3. A member of the British Royal Family is visiting your country and you
are the Prime Minister. How do you behave to show them how respectful
you are?

a) With all the proper dignity that she deserves in her position as Head
of the Commonwealth.
b) With respect, but without being too sycophantic about it. You can
show respect in lots of different ways.
c) Slap her on the back at the airport and go: "Har ya doin', Sheila?
G'day, mate. Dinkum, sport." Fart, burp, scratch your fucking arse and
behave like a complete twat all through her visit because you couldn't
give a fuck. Who the fuck is she anyway?

4. Your national cricket team is beaten by the West Indies, hammered 5-0
in a test series. How do you show grace in defeat?

a) By saying how great they must have played to beat you.
b) By telling the world you are proud to have been beaten by such a
great side.
c) Black bastards. Fixed. What can you do when the fucking umpire's a
spear-chucker as well? Cunts.

5. Your national cricket team beats the West Indies 5-0 in a test
series. How do you show grace in victory?

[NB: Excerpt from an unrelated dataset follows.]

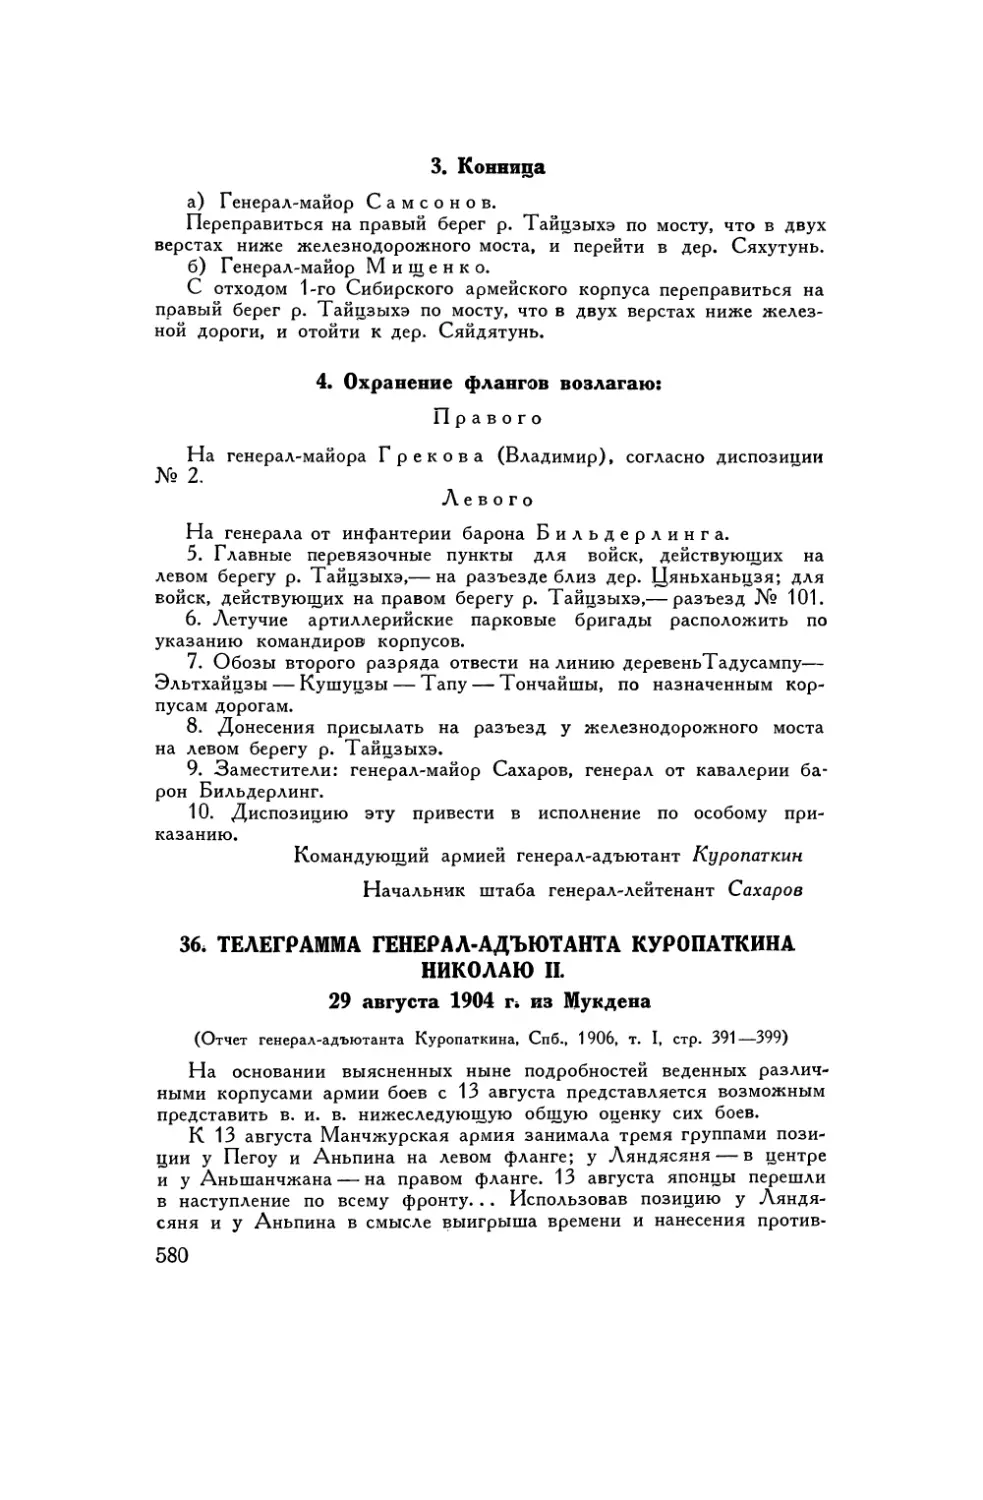 36. Телеграмма генерал-адъютанта Куропаткина Николаю II 29 августа 1904 г. из Мукдена

a) By saying you must have played brilliantly to beat one of the
greatest sides in the world.
b) By telling the world you are proud to have won and that it was closer
than the scores suggest.
c) Black bastards. Fucking shit they were. Whoever said coons could play
cricket must have been fucking drunk, mate.

6. You go to the toilet and sit down. What happens next?

a) Well, what would you expect?
b) That's a bit of a personal question.
c) You get bitten on the arse by a spider three-foot long, your balls
drop off, your arse turns green and you die within ten seconds.

7. Describe your bathroom.

a) A posh en suite affair with brass taps and trimmings, bath, toilet,
bidet, jacuzzi, the lot.
b) Just a basic bathroom and matching toilet.
c) A wooden shack the size of a broom cupboard with a tin mop bucket on
the fucking floor and flies buzzing round three-week-old turds. You
dirty smelly twat.

8. What do you watch on television in an average day?

a) Varied and of high quality - drama, comedy, documentaries, news.
b) Pretty basic stuff but a decent and varied mix.
c) Skippy, Neighbours, Home & Away, Skippy, Bluey, Skippy again,
Prisoner Cell Block fucking H, Skippy a-fucking-gain, Neighbours, Home &
bastard Away, Skippy, Skippy, Skippy and fucking Skippy.

9. Describe your country's version of football.

a) The same as football around the world.
b) A different game altogether - more like rugby and with lots of
razzamatazz and glitz. More of a show business affair than a sport.
c) A load of fucking animals in vests and tight shorts knocking bastard
lumps of each other, punching the ref, eating one another's faces and
generally waging war for an hour and a half while no cunt knows what the
fuck is going on.

10. Who is your greatest international star?

a) A Hollywood screen legend.
b) A world famous rock star.
c) Some irritating cunt with a beard and glasses who paints fucking
stupid pictures, blows his didgeri-fucking-doo and sings "I'm Jake the
Peg diddle diddle diddle dum." The big soft cunt.

11. You are a famous rock star married to a beautiful wife and with
millions of dollars to your name. You are at a loose end one day. What
do you do to occupy yourself?

a) Relax with a few tinnies of Fosters, chilling because you rarely get
much time to yourself.
b) Play a little music or watch some TV.
c) Take loads of drugs and get pissed as a fart, then accidentally
strangle yourself by hanging your sorry arse from a door with a leather
belt. While having a wank. You dirty fucking pervy cunt.

12. What is your idea of fashion or looking good?

a) Designer dressware of the highest quality.
b) Just wearing the right things for what suits you.
c) A shitty old hat with bastard corks hanging from it.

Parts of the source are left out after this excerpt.